Film ini menyoroti keistimewaan Desa Bengkala yang terletak di Kecamatan Kubutambahan, Kabupaten Buleleng, Provinsi Bali, Indonesia. Dokumenter garapan Watchdoc Documentary ini berkolaborasi dengan mahasiswa jurusan jurnalistik Universitas Kristen Indonesia.
Menjelaskan mengenai kehidupan penduduk Desa Bengkala atau yang dipanggil juga dengan nama Desa Kolok. Dalam bahasa Bali, kolok berarti bisu dan tuli.

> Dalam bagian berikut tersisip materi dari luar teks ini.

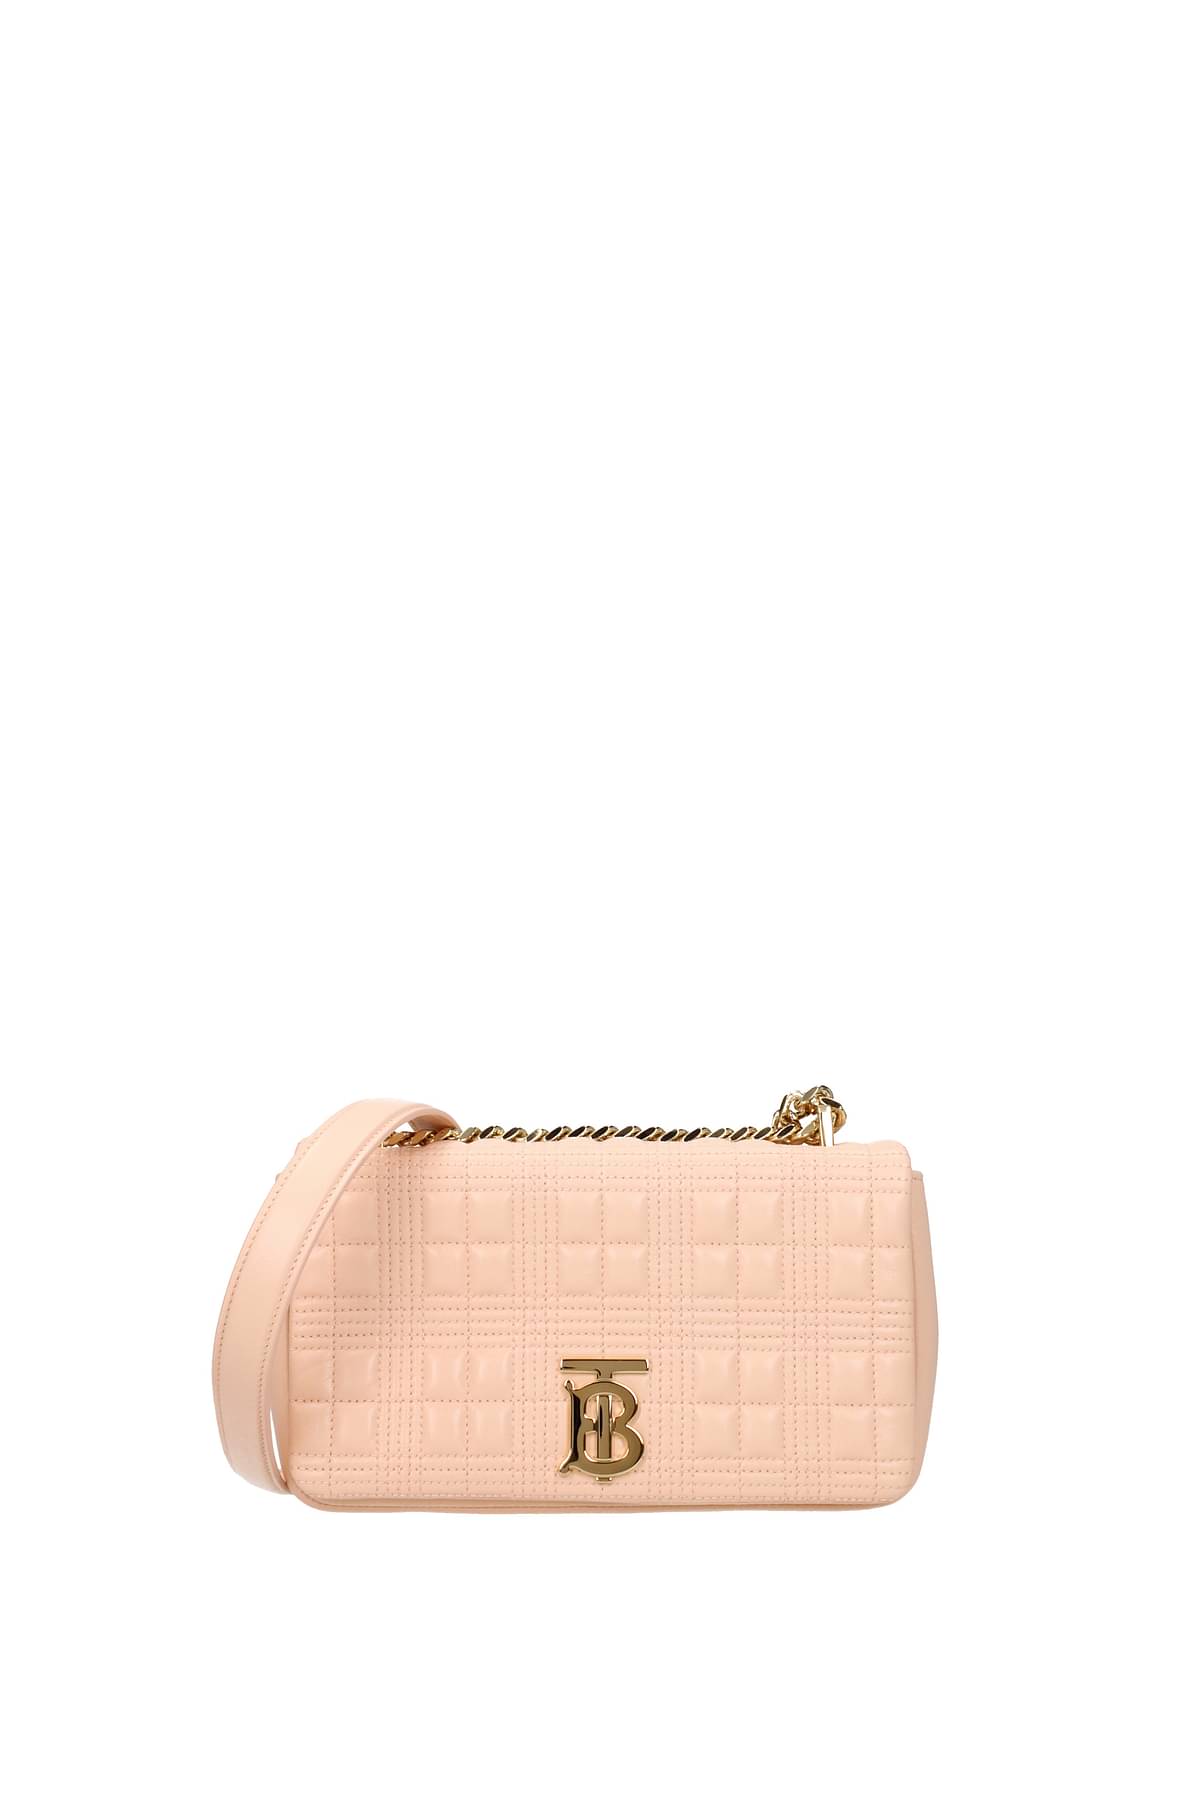 Burberry Crossbody Bag lola Women 8055693 Leather Pink Peach 1352€

Menurut pemaparan Perbekel Desa Bengkala, Made Astika, terdapat gen resesif yang umum di kalangan penduduk yang mengakibatkan tingkat ketulian yang jauh lebih tinggi. Jumlah penduduk di desa ini diperkirakan berjumlah sebanyak 2.937 jiwa. Namun, hampir 2% dari keseluruhan penduduk desa ini terlahir tuli dan bisu sehingga menjadikannya sebagai populasi tuli bisu tertinggi di Indonesia.
Meskipun begitu, penduduk desa yang terlahir normal juga menguasai bahasa isyarat untuk dapat berkomunikasi dengan penduduk yang terlahir tuli dan bisu.
Di desa ini, disabilitas penduduknya tidak menghambat mereka dalam mencari nafkah. Penduduk dengan tuli bisu dapat bekerja sebagai buruh, mengelola lahan pribadi, maupun menjadi pekerja bangunan. Perempuan di desa ini juga diberikan kesempatan serupa untuk bekerja, seperti menenun maupun menganyam. Penduduk dengan tuli bisu diperlakukan dengan adil, tanpa diskriminasi, tanpa merasa terkucilkan.
Begitupun dengan pendidikan di desa ini yang menerapkan sistem pembelajaran seperti sekolah pada umumnya. Sekolah Dasar Negeri 2 Bengkala yang disorot dalam film ini merupakan sekolah inklusi yang menyediakan pendidikan untuk anak-anak dengan gangguan pendengaran, termasuk tuli dan bisu. Di sekolah ini, bahasa awal yang digunakan ialah bahasa isyarat lokal atau yang disebut juga dengan bahasa kolok.
Kolok Adalah Kutukan?

Desa ini sering kali menjadi fokus penelitian para peneliti. Salah satunya yakni penelitian pada tahun 1993 yang diketuai oleh Profesor Arya dari Fakultas Kedokteran Udayana, menyimpulkan bahwa penyebab kelahiran tuli bisu di Desa Bengkala ini adalah faktor genetik.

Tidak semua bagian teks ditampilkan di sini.